ここも、ここもと間違いを見つける度、無意識に私の両手はキーボードを打ち、気がつけば全部の間違いを直していた。
カチッとEnterキーを押す音が響いてから、やっと自分が無許可でパソコンをいじっていた事に気がつく。
「あ……すいません、……パソコン、勝手にいじってしまって……」
「あ?……あぁ、パソコンか。どうせ俺には分からないから気にすんな」
それより、とジキルさんが近づいてきて、パソコンの置かれたテーブルの上に右手を置いた。
じっと画面を覗き込んでいるようだ。
彼の顔の近さに、思わず椅子に座ったまま数歩下がる。
「お前、この……ぷろぐらみんぐ?出来んのか?」
「は……はい、独学ですけど、勉強してたので」
「じゃあ、ハッキングは出来るか?」
「兄がホワイトハッカーを目指していた時期もあったので、多少は」
「そうか」
とだけ短く言い残し、ジキルさんはパソコンから数歩離れた。
考え事をするかのように壁際をグルグルと歩く。
カツカツという靴音がジメジメとした地下室の中に反響する。
数秒してから、彼はふと私を振り返った。
「白愛」
「は、はいっ」
「お前、帰れる家はあるのか?」
「……え?」
叱られると思って身構えた私は、彼の一言に虚をつかれた。
「つまりだな、どうしてあのビルの屋上に居たのか聞いてんだ」
「家族は……居ます、家も、あります」
一言一言を絞り出すように、考えながらゆっくりと喋る。その間も、ジキルさんはじっと待っていてくれた。

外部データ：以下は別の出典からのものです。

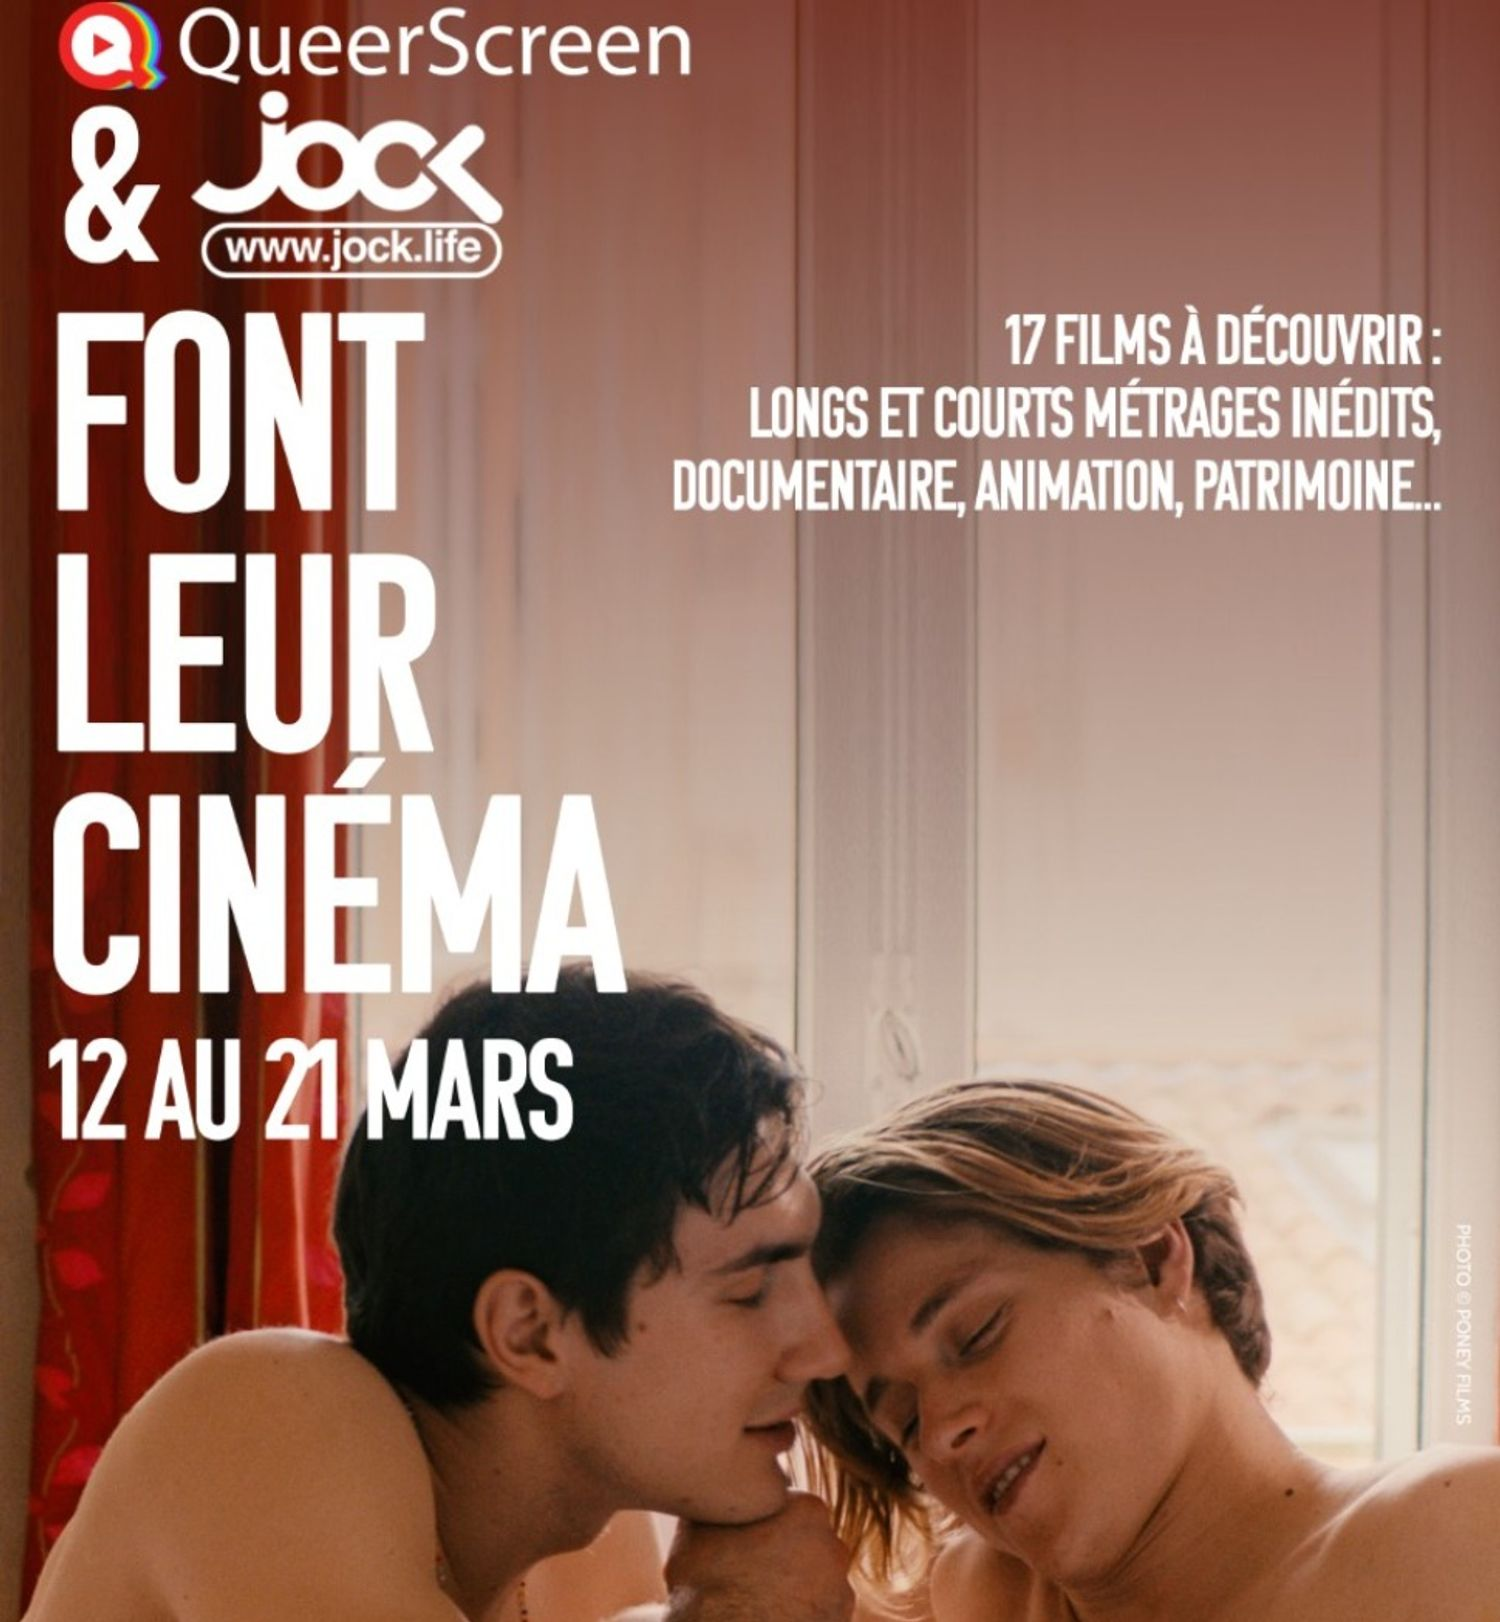 Queerscreen et jock.life organisent un festival de film LGBT+

「屋上に居た理由は、……よく分かりません。無意識だったので。でも、家に帰りたくなかったのは、よく覚えています」
「どうしてだ?」
理解出来ないと言うように、ジキルさんが首を傾げる。
あの屋上での感情をどう説明したものか。
私は脳内から必死にそれらしき言葉を引っ張り出した。
「こんな事言ったら、贅沢、かもしれないんですけど……何ていうか、親の期待とか、友達の視線とか、そういうの全部ひっくるめて、毎日が……」
「窮屈になった、か?」
「……はい」
どうして分かったのだろう。そう思ってジキルさんの方に視線を向けると、彼はどこか懐かしい物を見るような、憐れみのこもった優しい目つきをしていた。
「ジキルさん?」
「あぁ。すまん、ちょっとぼーっとしてた」
スーッと深く息を吸って、覚悟したようにジキルさんが腕を組む。
「……白愛、もしも家に帰る気が無いんなら、俺たちと一緒に働く気は無いか?」
「働く?」
「そうだ。『何でも屋』ジキルとハイドの、専属ハッカーとして」
「……やります」
家族だとか勉強だとかについて深く考えるよりも早く、答えは出た。
誰かが私を本気で必要としてくれている。
信頼しようとしてくれている。
昔から人の頼みを断れない私には、それだけで充分だった。
でも、これはいつもの友達や親からの『頼み』とは違う。
心の奥底でそう思っている私が居る。
何というか、上手く言語化は出来ないけれど、期待という枷がかけられてないだけで、随分と気が軽くなった気がした。
それに、彼らは私を助けてくれたのだ。
いい人とか悪い人とか関係なく、恩を返さなければ。
「本当か!?」
オッケーを貰えるとは思って居なかったのだろう、ジキルさんは目を丸くして驚いた。
自分から聞いておいて、変な人だ。
私は心の中でクスッと笑う。
「じゃあ、これからよろしくな、白愛」
彼が右手を差し出すと、スッと空気が変わった気がした。後ろの窓から日光が差し込み、彼を照らす。今の彼はまるで、絶望のどん底に現れた救世主に見えた。
「はい!」
「んー……」
「どうかしましたか?」
握手した状態のまま、突然ジキルさんは考え込んだ。
彼の大きな手の感触に少し懐かしさを覚える。
「いや、さっきからなんか違和感があって……あ、分かった」
ジキルさんが一歩踏み出す。人一人分くらいだった私達の距離が、さらにぐっと縮まった。
「な、なんです、か……?」
彼の顔の近さにたじたじになり、思わず数歩下がる。
これまで同年代の異性とここまで近づいた事など無かったのだ。
心臓のバクバクという鼓動がどんどん大きくなっていく。
「敬語」
「は、はい??」
「敬語は使うな。タメ口で良い」
「……分かり、ました、じゃなくて!……分かっ……た」
それでいい、というようにもう一度ジキルさん……じゃなかった、ジキルが笑う。
こうして、私の『第二の人生』は、薄暗い地下室から始まった。